About Asante Gold Corporation

Asante is a gold exploration, development and operating company with a high-quality portfolio of projects in Ghana. Asante is currently operating the Bibiani Gold Mine with forecast production of 175,000 oz of gold over the next 12 months, has completed the acquisition of the Chirano Gold Mine, an operating open-pit and underground mining operation located immediately south of the Bibiani Gold Mine, and is developing to production its Kubi Gold Mine, all located on the prolific Bibiani and Ashanti Gold Belts. Asante has an experienced and skilled team of mine finders, builders and operators, with extensive experience in Ghana. Asante is listed on the Canadian Securities Exchange, the Ghana Stock Exchange and the Frankfurt Stock Exchange. Asante is also exploring its Keyhole, Fahiakoba and Betenase projects for new discoveries, all adjoining or along strike of major gold mines near the centre of Ghana’s Golden Triangle. Additional information is available on our web site at www.asantegold.com.

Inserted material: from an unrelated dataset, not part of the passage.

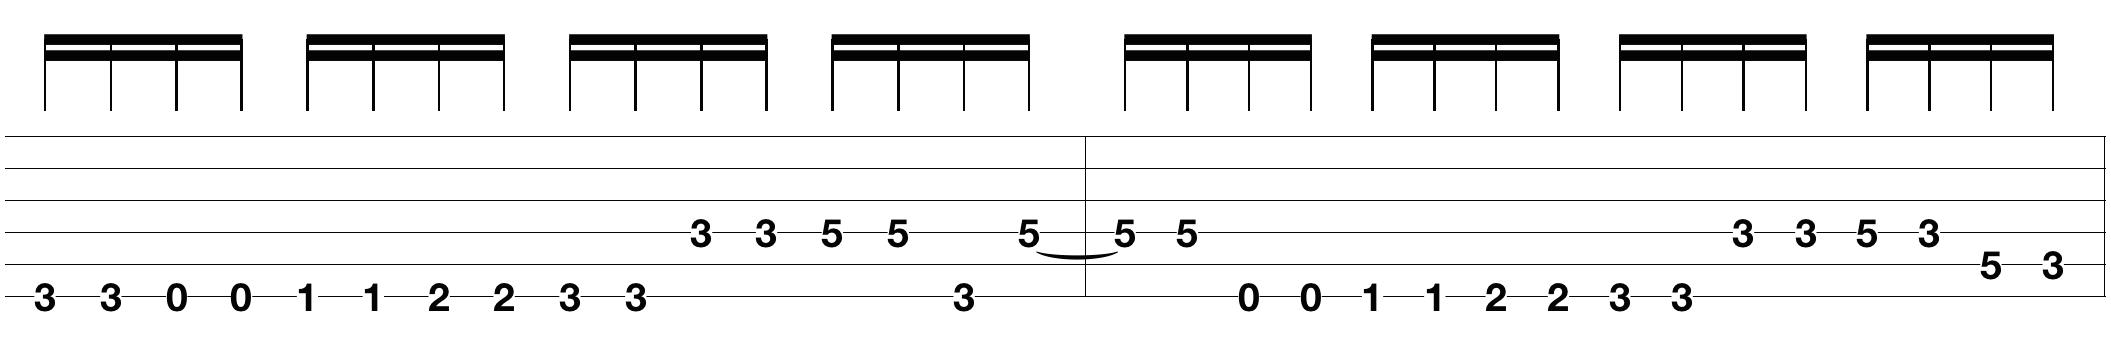 classic-rock-guitar-riffs_2.png

For further information please contact:

Dave Anthony, President & CEO: +233 55 879 3309 (Ghana) or +1 647 382 4215 (Canada), dave@asantegold.com
Frederick Attakumah, Executive Vice President, frederick@asantegold.com
Valentina Gvozdeva, Manager IR, valentina@asantegold.com
Kirsti Mattson, Media Relations, kirsti.mattson@gmail.com

Cautionary Statement on Forward-Looking Statements

This news release contains forward-looking statements. Forward-looking statements involve risks, uncertainties and other factors that could cause actual results, performance, prospects, and opportunities to differ materially from those expressed or implied by such forward-looking statements, including statements regarding the structure and terms of the Chirano Acquisition, anticipated synergies, the resources, reserves, exploration results, and development program at Chirano, Bibiani and Kubi, including timing of future mine development and the start of production. Factors that could cause actual results to differ materially from these forward-looking statements include, but are not limited to, variations in the nature, quality and quantity of any mineral deposits that may be located, the Company’s inability to obtain any necessary permits, consents or authorizations required for its planned activities, and the Company’s inability to raise the necessary capital or to be fully able to implement its business strategies. The reader is referred to the Company’s public disclosure record which is available on SEDAR (www.sedar.com). Although the Company believes that the assumptions and factors used in preparing the forward-looking statements are reasonable, undue reliance should not be placed on these statements, which only apply as of the date of this news release, and no assurance can be given that such events will occur in the disclosed time frames or at all. Except as required by securities laws and the policies of the Canadian Securities Exchange, the Company disclaims any intention or obligation to update or revise any forward-looking statement, whether as a result of new information, future events or otherwise.

LEI Number: 529900F9PV1G9S5YD446. Neither IIROC nor any stock exchange or other securities regulatory authority accepts responsibility for the adequacy or accuracy of this release.